**Work required**
Below are some entries. Repeat exactly the lines from the one with "Heartwarming Cuban Link" through the one with "Cushions with Ties", and only those.

**Information shown**
####
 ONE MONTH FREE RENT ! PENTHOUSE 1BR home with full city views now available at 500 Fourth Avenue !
####
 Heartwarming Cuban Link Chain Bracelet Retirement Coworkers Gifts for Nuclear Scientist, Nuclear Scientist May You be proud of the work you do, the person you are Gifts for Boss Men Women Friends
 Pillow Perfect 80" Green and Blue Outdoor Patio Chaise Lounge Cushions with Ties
####
**The answer**
 Heartwarming Cuban Link Chain Bracelet Retirement Coworkers Gifts for Nuclear Scientist, Nuclear Scientist May You be proud of the work you do, the person you are Gifts for Boss Men Women Friends
 Pillow Perfect 80" Green and Blue Outdoor Patio Chaise Lounge Cushions with Ties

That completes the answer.